When it comes to marketing, there are many theories that simply don’t apply to the real world. It’s not entirely clear how the concept of marketing became so complex, because it’s a simple and natural process. Without marketing, none of us would be here. It’s a part of evolution, socialization, business, and every other aspect of life.
So how did nature perfect what is generally the most difficult aspect of business? Let’s explore the intrinsic way to launch your start-up so you can establish yourself, take over your community, and flourish.
Finches may be the best analogy for establishing your concept. Charles Darwin, who helped develop the theory of evolution, noticed on the Galapagos Islands that finches evolved into several subspecies to survive. They learned how to specialize not only where they lived, but what specific resources to utilize and how to thrive on them. The same theory applies to start-up businesses. You have a product or service you wish to develop into a business. Perhaps you have a passion or education in some particular field. Maybe you have an improvement on how others are doing the same thing, or simply have a dream of being an entrepreneur. All you need to know is what you’re trying to accomplish. Be specific. Finches don’t move to an area intending to eat everything and live wherever they want. Begin with your idea and go from there.
If you’re a new species (or business) trying to establish a niche, you’ll naturally begin by finding a suitable location. Are there resources? How much competition is after those resources? Is there room to grow? Are there predators? Is the area too large to manage, or too small to survive in?
Ensure that you establish your business in an appropriate area. Don’t be greedy, and don’t think too small. Do your research and know the lay of the land before you plant roots. Visit the Economic Development department of your town, city, region, province, or state. Get the facts about the area you want to do business in. “Because I live here,” isn’t the soundest reason to open a business anywhere.
Get at It
Baby sea turtles don’t make a game plan for how to cross the beach and reach the ocean, they just go. You must be prepared to adjust as you go, and if you’re sitting around thinking about it, you’re not going anywhere. Avoid weighing yourself down with intricate details and paperwork. Traditional thinking advises start-ups to waste precious time on business plans, bank loans (which almost never happen), mission statements, and think-tanks. Budding entrepreneurs often fall into the trap of re-editing ideas and policies instead of getting to work. Regardless of how diligent your planning is, there will inevitably be mistakes and a myriad of setbacks you never considered, so plan lightly and market hard. Bull elephants squaring off at a depleting water hole don’t consult a lawyer first, they just go at it. If they fail, they regroup and go at it again and again until they get a drink. Persistence and passion usually win over planning.
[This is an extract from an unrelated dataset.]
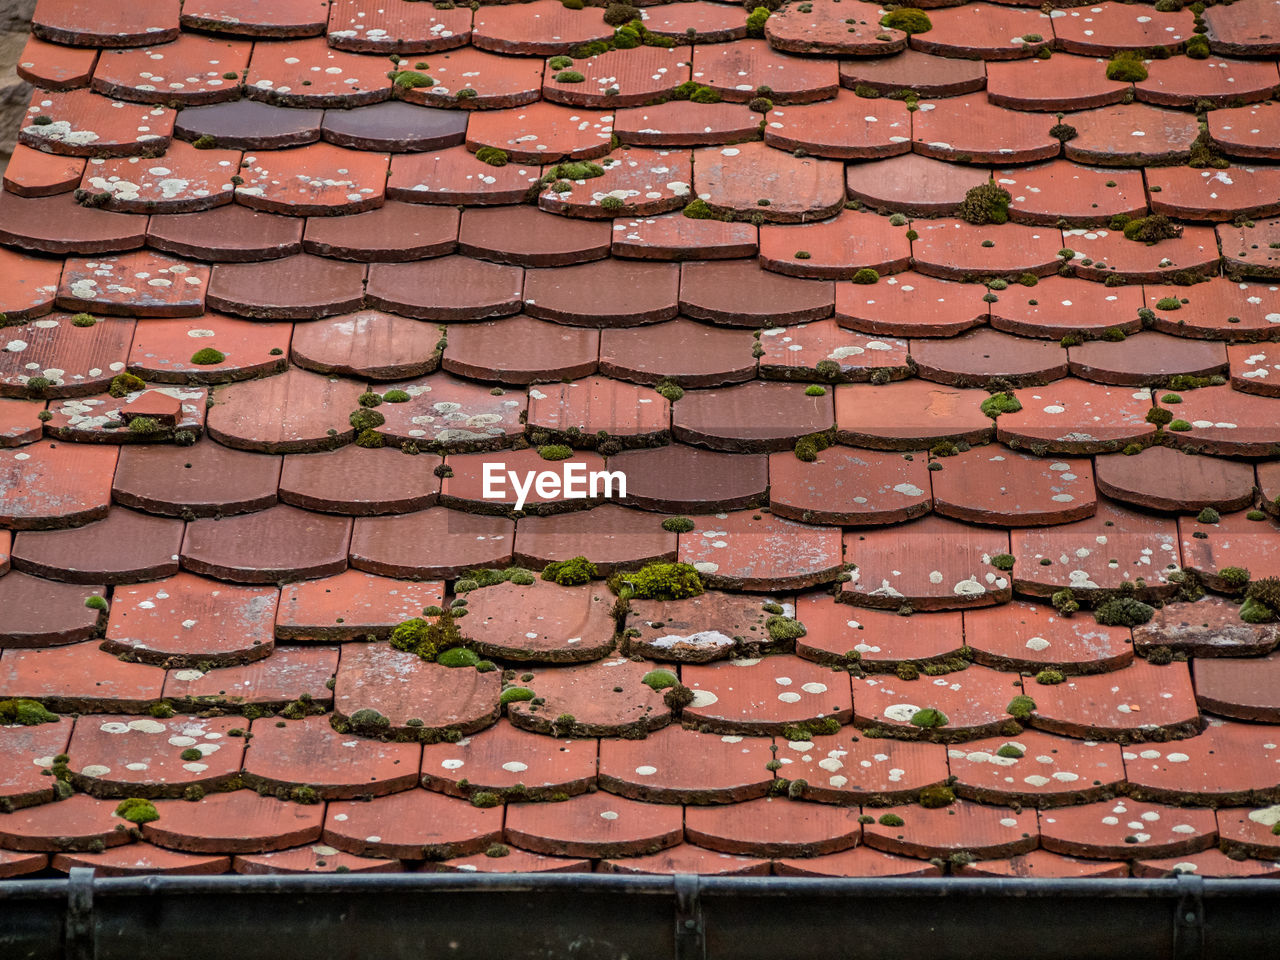 HIGH ANGLE VIEW OF BRICK WALL WITH COBBLESTONE

There’s a reason rainforests and coral reefs support such plentiful and diverse life – nature feeds on nature. It needs abundance to function. Every creature must know and understand as much about the surrounding environment as possible to survive, and the same applies to business. You need to know as many people as you can, and understand the industries that support the community. Seek out business directories, join the local Chamber of Commerce or Board of Trade. Find business and networking groups and attend trade shows and events. The goal is to become recognizable and known in your field. A business can’t survive unless people know who you are and what you do. Investigate groups such as Rotary Club International and the Lions Club. If you’re not good at social and networking events, work on that instead of your business plan. The more people you know, the better. Be gregarious, persistent, and genuine.
Market, Don’t Sell
Nothing is more irritating than the relentless commissioned sales representative or the new entrepreneur with a one-track mind. We all know that person hungry for success who has read a marketing book or taken some course and constantly jams the ABC’s of selling down your throat. These techniques generally strike fear and dismay in the hearts of potential clients. This may come as a surprise, but your potential client may not be interested in your once-in-a-lifetime deal at this moment. Most of us feel uncomfortable being sold to, and people are just too savvy nowadays to fall for the big sales pitch. Meet people and listen to what they say. Make a mental note of their needs and give them solutions when you meet again. People want to associate and work with people they trust, who make them feel comfortable, and who get the job done. Trust is earned, not sold.
Marketing and selling are not the same. Marketing is the art of planting seeds and the pursuit of establishing yourself as the expert in your field. Selling is the act of persuading someone to buy something. Learn the difference between the two. Stop smacking people over the head with one-time offers and special pricing. Nobody wants to be inundated with ads day after day on Twitter or Facebook. They want to be educated, entertained, and enlightened. They want solutions, not deals. Solve the need first, then offer a deal, never the other way around. Marketing is the consistent application of memorable things that trigger people to think of you or your business, like a great logo, a clever tag line, or a catchy jingle. Get noticed for who you are, then back it up with performance. Consider a peacock – the colourful bird doesn’t discuss its 50% off sale or how cheaply or efficiently it can provide for its mate. It just gets out there and shows its feathers. When a mate notices is when it’s time to do business.
Marketing long pre-dates human beings. Nature created it. It’s all around us and we can learn about it in its purest form if we pay attention. From the song of the humpback whale to the colour of a lilac to invisible pheromones in the air, the essence of marketing boils down to getting noticed and surviving. Get back to nature and watch your business prosper.